Reflecting on SEIU Drop the Cops’ demands around the necessity to organize the unorganized, Nolan pointed to a union movement in steady decline. In terms of percentage of workers unionized, it has gone from 35% in 1955 to 6% today. According to Nolan, if unions keep going at this rate they are “just going to die. This issue [of police union disaffiliation] is so important for that because the exact people we’re trying to bring into the labor movement are the same people who have that immediate reaction of ‘aren’t you all the ones that represent the cops?’” He gave the example of the AFL-CIO Twitter in which many responses to their Tweets are, “aren’t you all the ones who have the cop unions?” Clearly, “this is a stumbling block,” he continued, “when you talk about ‘we want to grow the labor movement, we want to bring in all the people that are in the streets these new people,’ that’s not going to happen as long as we have to answer for what police unions are doing.” 

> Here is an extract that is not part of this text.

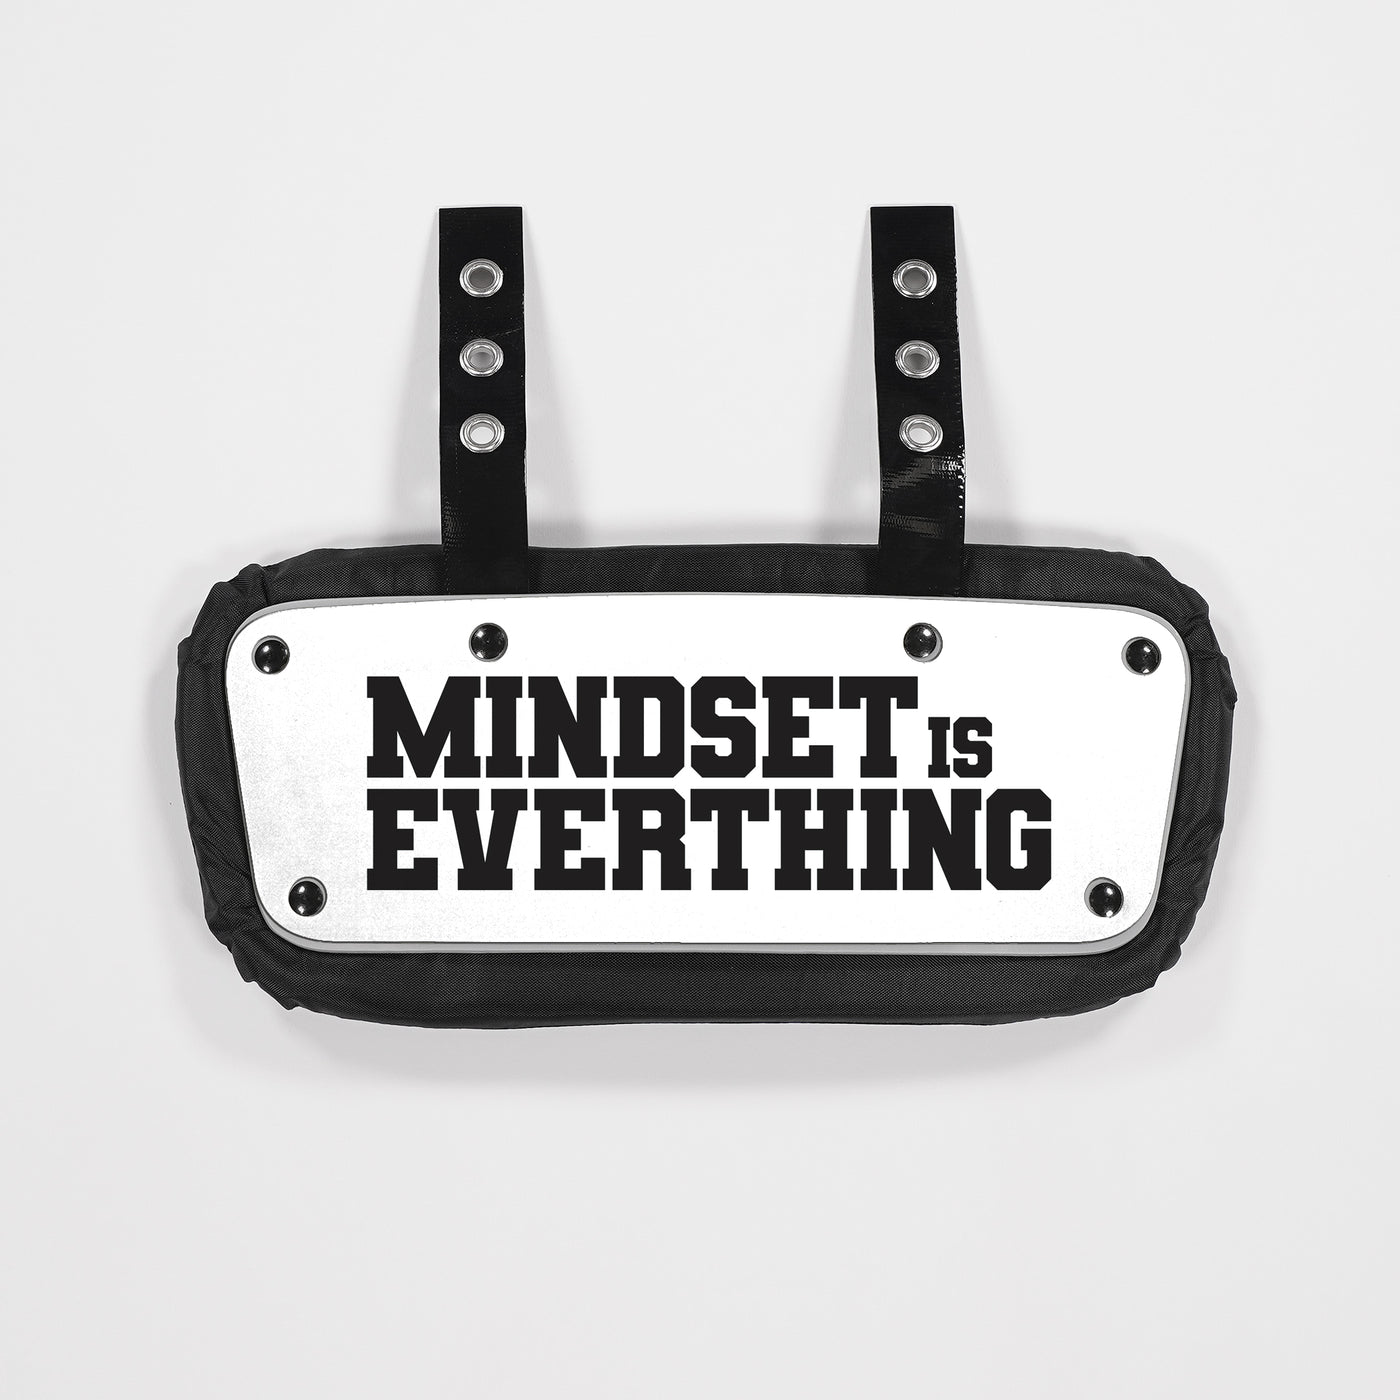 Mindset is Everything Sticker for Back Plate
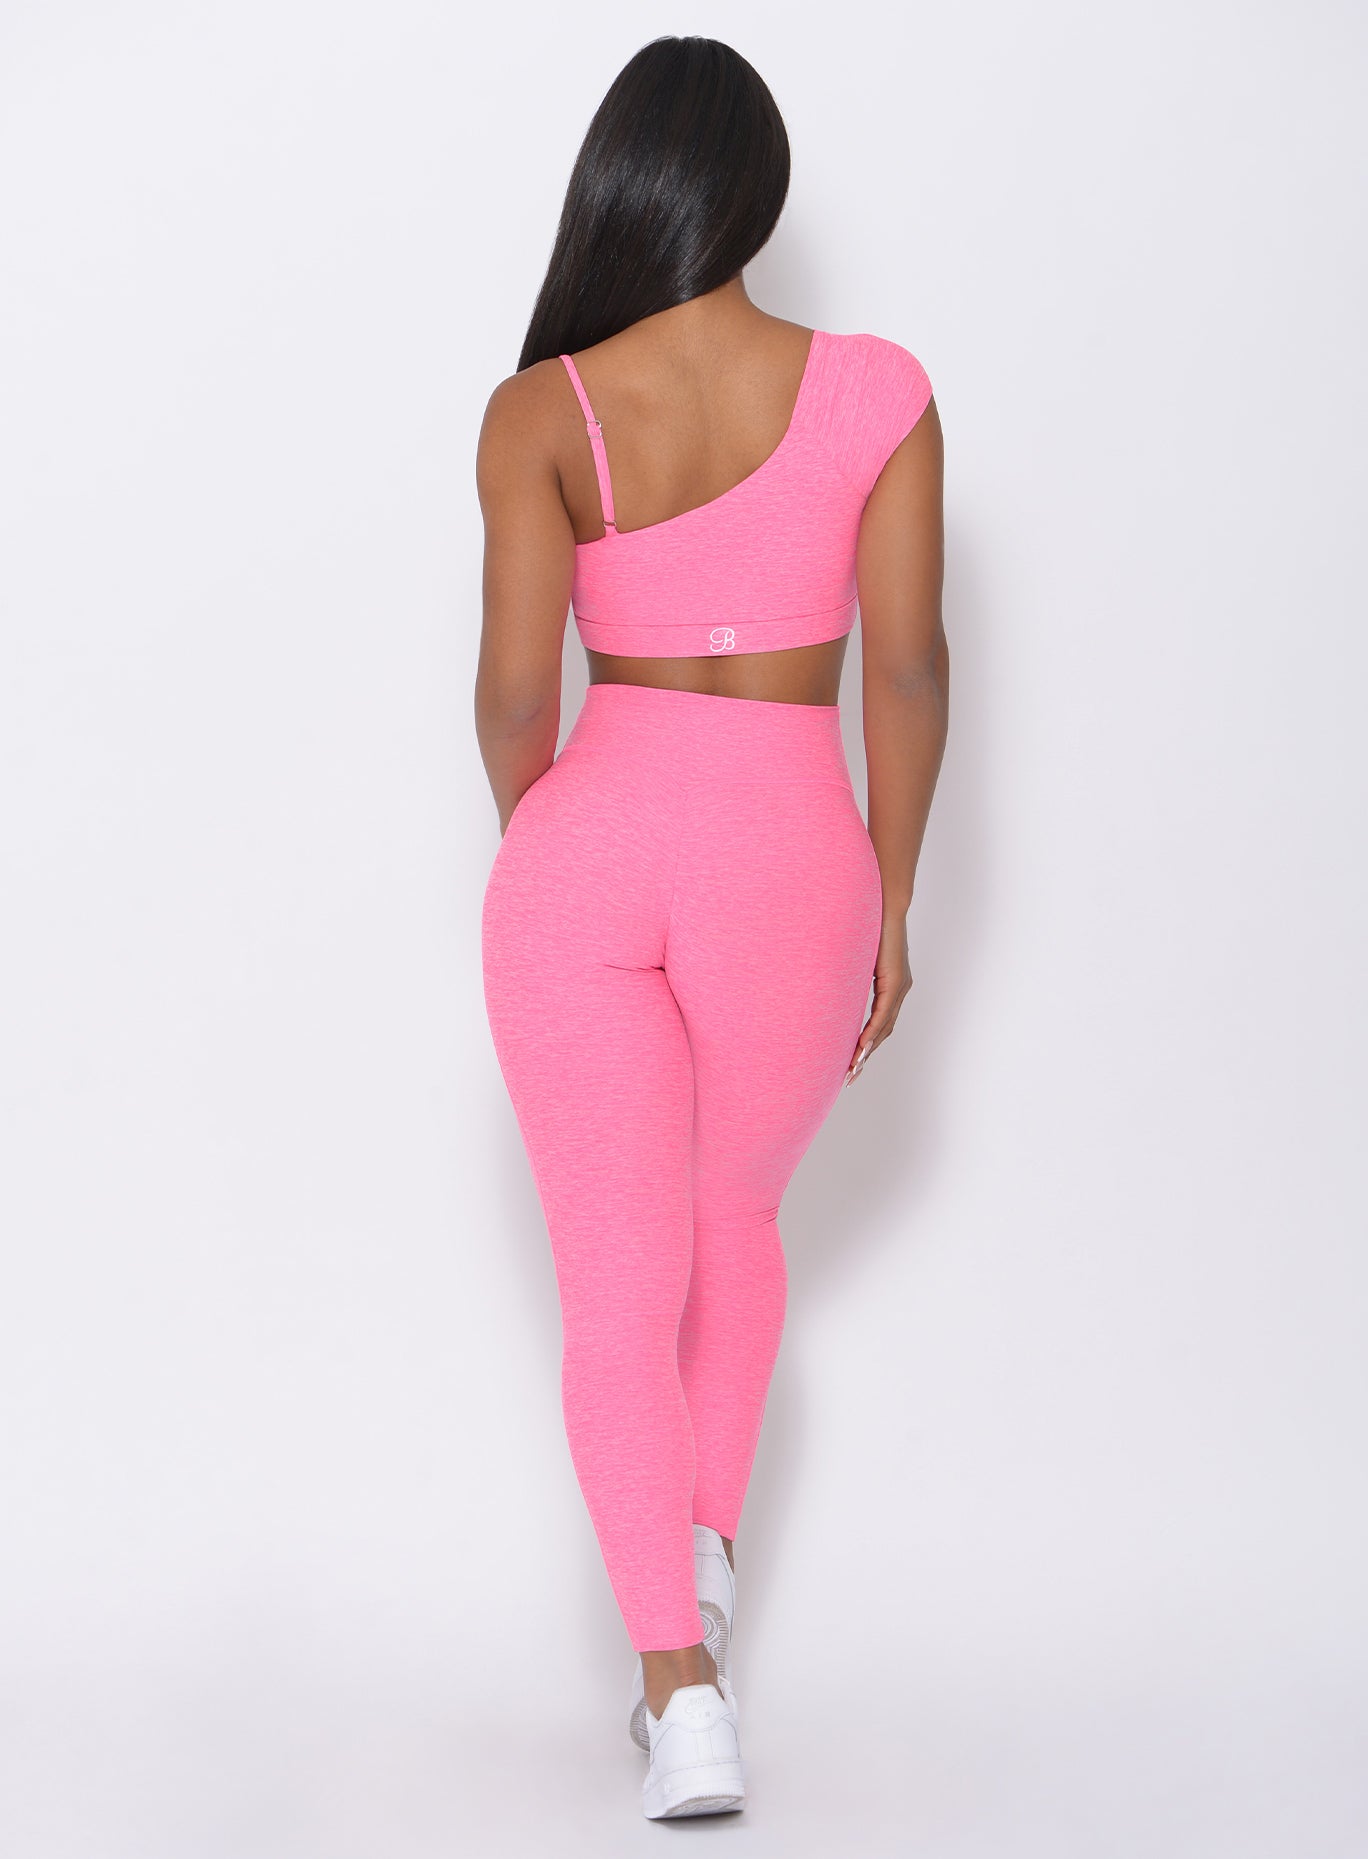 Back view of the model wearing our Adore Sports Bra in pink and a matching leggings

Nolan also raised an important issue about how public sector unions will likely be affected should limits be imposed on police unions, who are part of the public sector. This raises a serious political question, the answer to which can be clarified by viewing the class nature of Wisconsin Governor Scott Walker’s union-busting decree in 2011. While crippling public sector unions, it left police unions untouched. If a poisonous anti-union, pro-cop political system can simultaneously decimate workers’ unions and strengthen police unions, a militant mass union movement combined with a party based on that movement is the antidote. Extracting police unions from the House of Labor would be the logical outcome of this class struggle potentiality and a necessary step toward building working class union power unlike anything seen in this country’s history.